Stock prices crashed as it became clear that Donald Trump would be elected the next President of the United States. And then they did a complete reversal to actually rally during the first trading day after the votes were counted.Just when you thought the stock market was starting to make sense, it goes ahead and does the exact opposite.The markets were supposed to get crushedAhead of Election Day, Wall Street’s stock market experts were in broad agreement that a surprise victory by Republican candidate Donald Trump would be met by a sharp sell-off, ranging somewhere between -3% to -15%. Yahoo Finance reported on this multiple times.

This is another example of the futility of trying to time the market. There also is some "recency bias" apparently going on. This is where investors give weight to what has happened in similar situations in the recent past. On this front not long ago investors saw the head fake from the Brexit situation whereby stocks dropped and then reversed sharply. 
Market time at your own risk.

Sunday, November 6, 2016

Can you find a growth fund that will return 12% over the long term?

Debt elimination guru Dave Ramsey argues that people should eliminate all debt and then invest in a growth fund that returns 12%/year. By the rule of 72 money doubles every 72/12 = 6 years. Sweet!

I, with just about everyone who is familiar with Ramsey, admires his work on the debt side. He has helped thousands get out of and stay out of debt.

But his investment advice is misleading and potentially harmful. Finding a Fund that averages 12% over the long term is like trying to find the next triple crown winner. Good luck! And as he further recommends taking 8%/year out of your nest egg can lead to the outcome that is most feared by retirees - running out of money.

Actually, people don't tend to run out of money - they tend to run out of lifestyle. Draw down at too great a rate and one morning you wake up and realize you can't visit the kids as often, you can't eat out as often, and (drat it!) you have to ask your boss at Wal Mart if you can get more hours!

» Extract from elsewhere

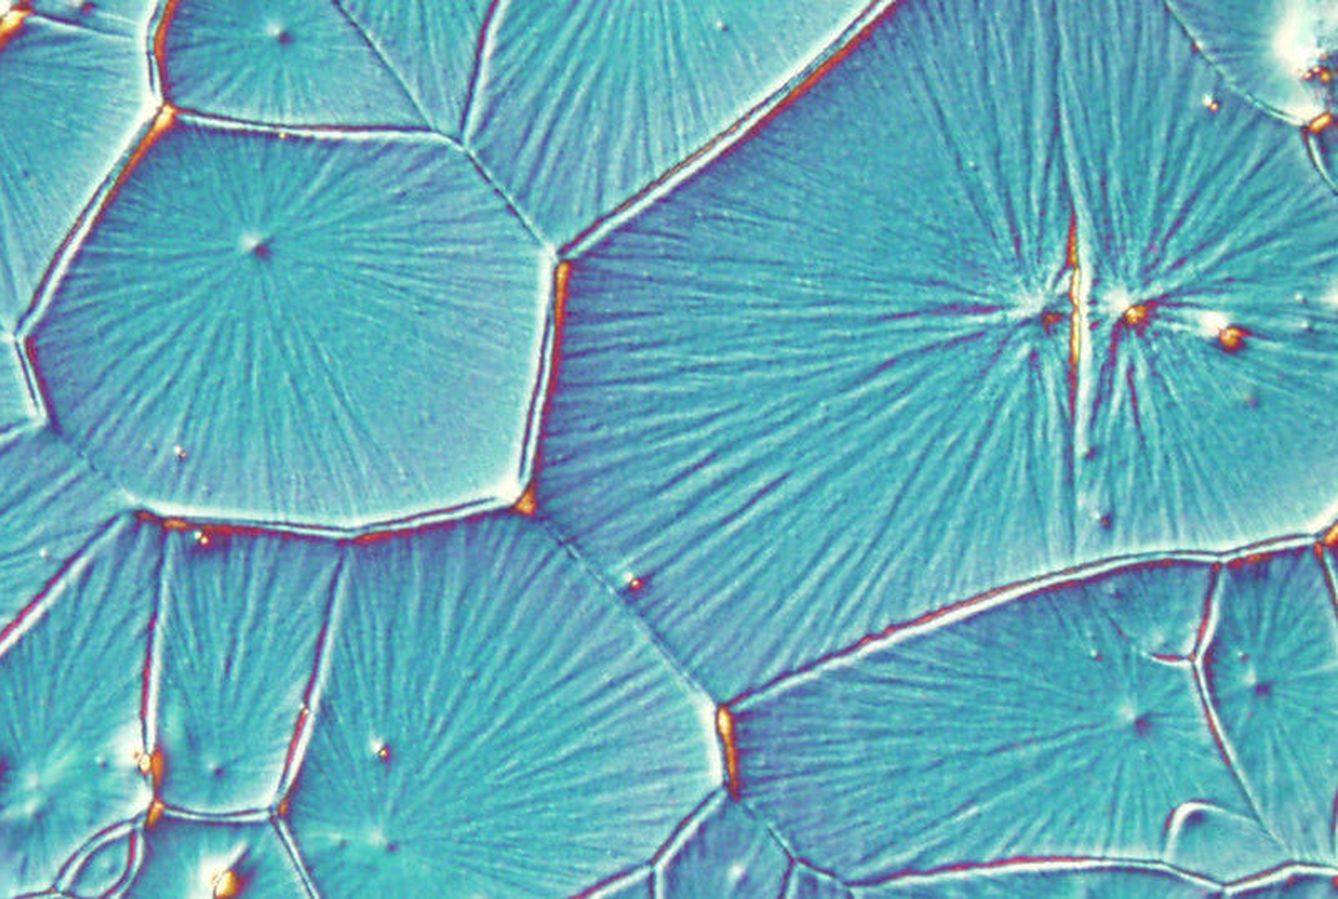 Cristales de perovskita en células fotovoltaicas (Laboratorio Nacional de Los Alamos)
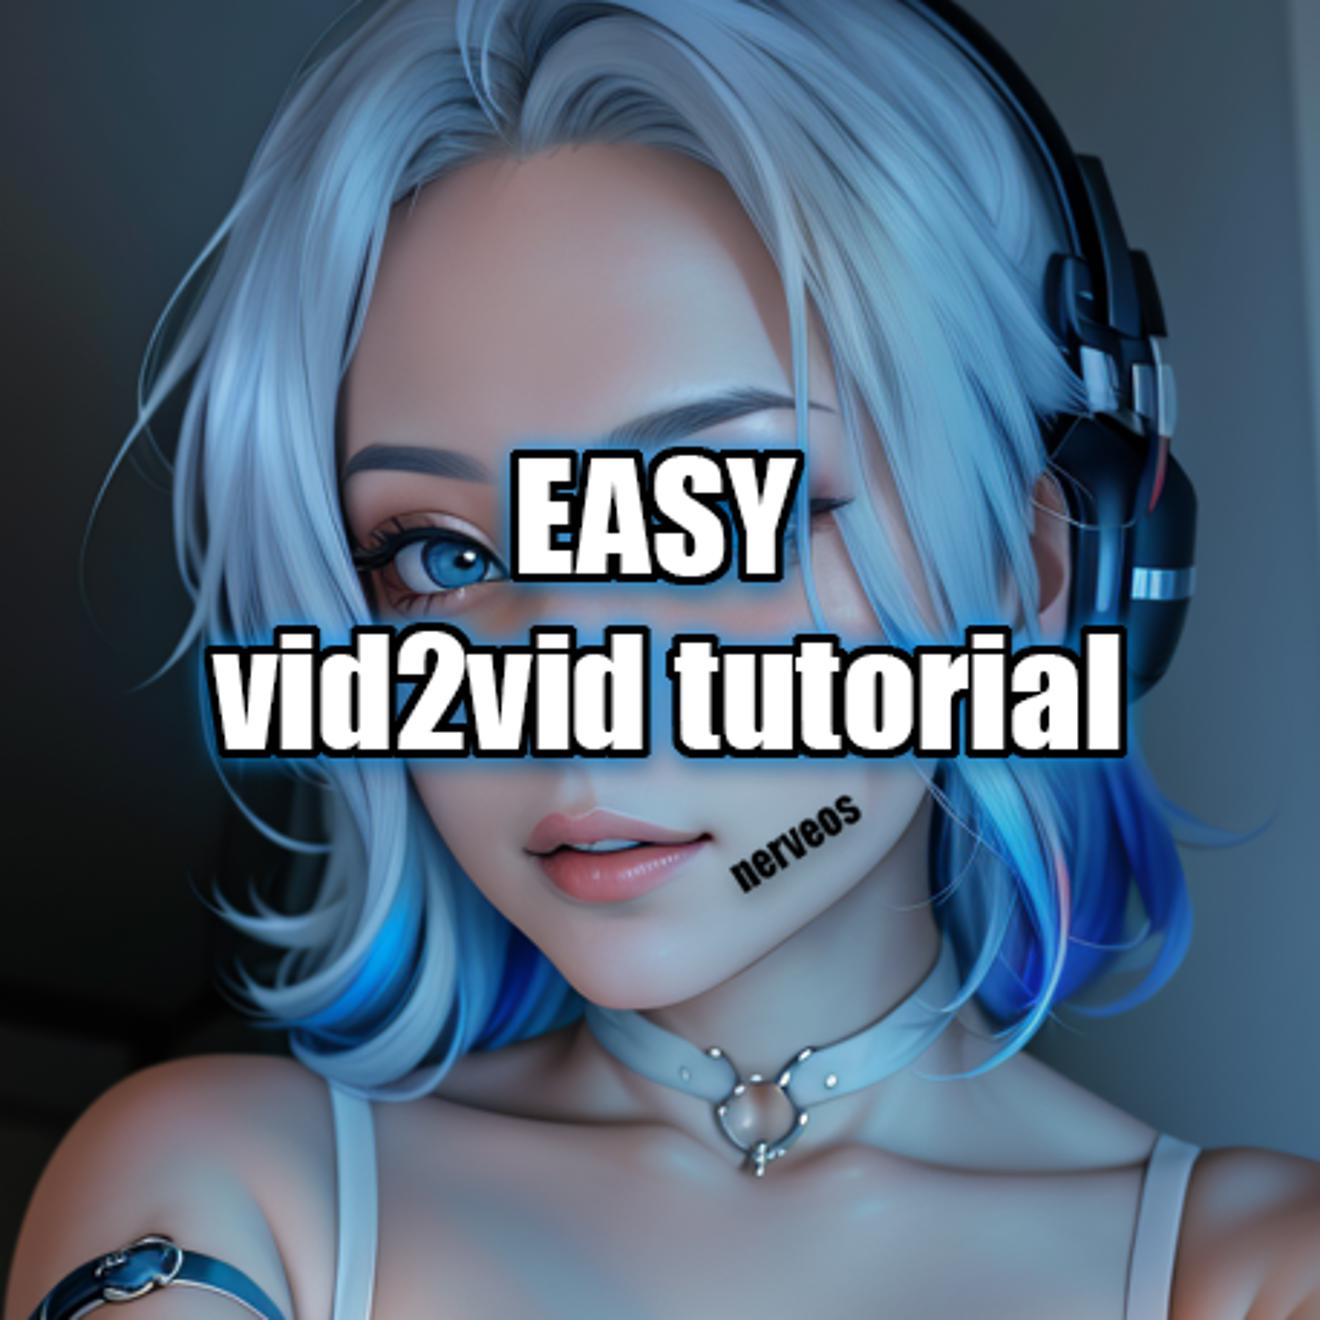 Vid2vid tutorial

But the good thing about living in the internet age is that it is fairly easy in most instances to research claims or for that matter just about anything you are interested in. People do this in many areas but not so much in finance.

For example, Google "Large Company Stock Returns" and you'll come up with a link that shows the following table:

This table is reported by Kiplinger and the data comes from Morningstar. These Funds are the top performers out of tens of thousands of Funds.

Looking under the 10 year and 20 year columns you see no 12% s. As you do your research you'll find that Ramsey uses the non sensical arithmetic average whereas the appropriate average is a compound annual number.

But the idea here extends beyond Dave Ramsey and his investment advice. Suppose you want to know what Warren Buffet suggests as an investment approach for the average investor. Or, you have an annuity and, like most people including those who sell them, you can't make heads nor tails of it. Just go on a good search engine and look them up.

Doing the research ahead of meeting with professionals is especially useful because once the jargon starts flying the will weakens and when it comes to financial products people just give in. To hammer this home think of going in to meet with an attorney to discuss setting up a donor advised fund. If you are like most people you may be a bit intimidated in meeting with an attorney. Do a little research and this stress will be reduced and you'll be able to follow the pros and cons as presented and in the end be able to make a better decision. It is all a benefit of living in the information age.